He is the kind of person who would have been homeless were it not for a government program. Many people assume the problems associated with homelessness (e.g. crime) will go away if you give people free housing and other social support.
Andre is evidence that simply giving people what they need is not enough to stop criminal behavior.
> Andre is evidence that simply giving people what they need is not enough to stop criminal behavior.
But who is to know what Andre's life would have been like if he had been given what he needed when he was 14? You can't expect someone to spend some of their most formative years on the street and then bounce back just because they suddenly have a roof over their head.
Providing housing certainly is not always sufficient to solve everyone's problems. Plenty of people who've never been homeless commit crimes, develop drug habbits and find other ways to destroy their lives.
Housing is however, necessary, if you want to have any luck helping people. Fixing economic, psychological, substance, or emotional problems becomes many times harder. When people are desperate and are treated liked outcasts regularly, deterring criminal behavior also becomes several times harder.

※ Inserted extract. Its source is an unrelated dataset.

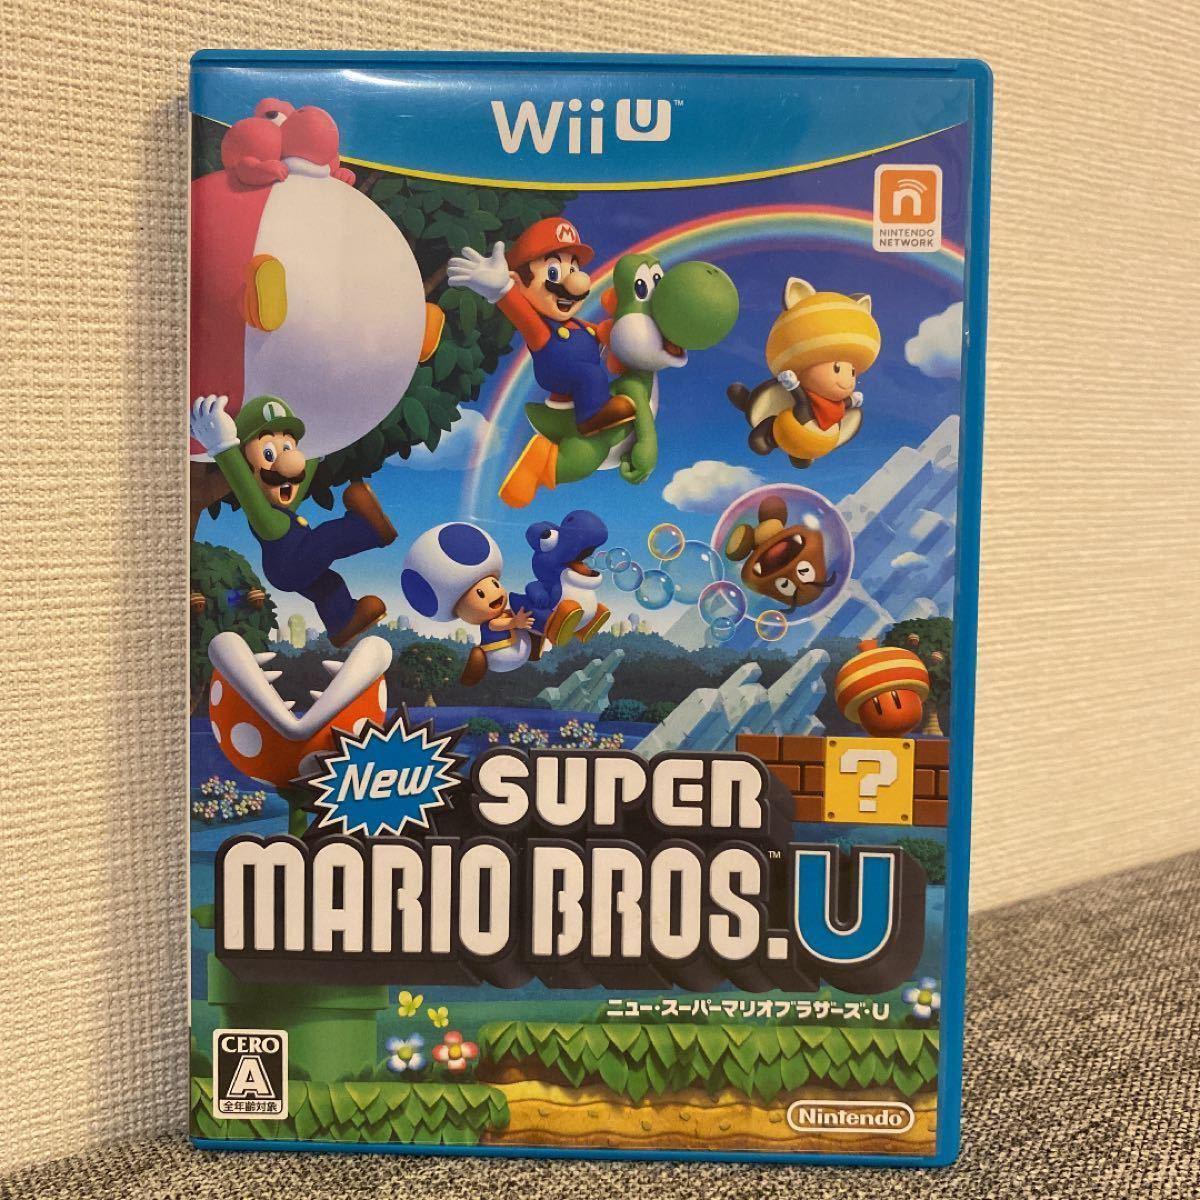 WiiUソフト マリオカート8、New スーパーマリオブラザーズ・U 2本セット 任天堂

So yes, housing does not fix everything. It is however a necessary first step in any plan to deal with the homelessness and its comorbidities. Any approach that doesn't start with housing is doomed to fail.
By "the kind of person who would have been homeless were it not for a government program" you mean someone who chose their parents badly and was homeless at 14, a literal child?
I think they literally mean “they receive government assistance that allows them to have a roof over their head”. Where does the part about “choosing parents” even come from?
The comment you were replying to wasn’t making any sort of a judgement, what they said was straight up just factually describing the current situation. They weren’t blaming Andre for becoming homeless. They were using him as an illustration that just giving free housing isn’t some magic pill that will solve everything, and the effective solutions need to be more comprehensive than that.
"Choosing parents" is mocking a frequently-held attitude that when people do bad things, it's 100% of the time 100% their own fault and nobody else ever had anything to do with it. "Andre steals stuff because he makes bad choices. If he'd just stop making bad choices, he wouldn't be in trouble so much. It's all his fault."
The reality is that people often do make reasonably good decisions from the set of decisions available to them - and that set is often quite bad. Andre's only source of income is selling stolen goods. If he'd stop doing that, wouldn't it be worse for him because he'd have no income? People will say "he should just get a job" but have you tried getting a job? Like, ever? It's far from trivial, especially if you have a criminal record! So, given the choice between A (easy and effective) or B (difficult and probably ineffective) or C (having no money) the best decision is obvious. Choosing A is a good decision. And if we don't want Andre to choose A, we need to give him a better option.
Oftentimes it starts with growing up:
> Andre said he has struggled with homelessness on and off since he was 14. That’s when he started selling at 3rd and Pine. He’s been there almost everyday since. He’s 30 now.
If Andre had a computer at 14 he could be commenting on Hacker News today. Or with other factors he could be an athlete, an artist, an entrepreneur, idk, anything. But he got started on the "petty crime to pay bills" path and that constrained his options from then on.
When we combine this known fact - that his crime begins with not having a stable childhood, which is largely determined by who you have as a parent and how your society treats them - with the attitude that "everything you do is your fault" - we come to the conclusion that it must be Andre's fault that his parents were poor and homeless, which is absurd.
And in this case, the takeaway of “See? Exactly as I would have argued before I read this story, government intervention just doesn’t work!” feels so myopic. Plenty of interventions do work, you just don’t see them on 3rd Avenue.
Andre is evidence that simply giving people what they need is not enough to stop criminal behavior.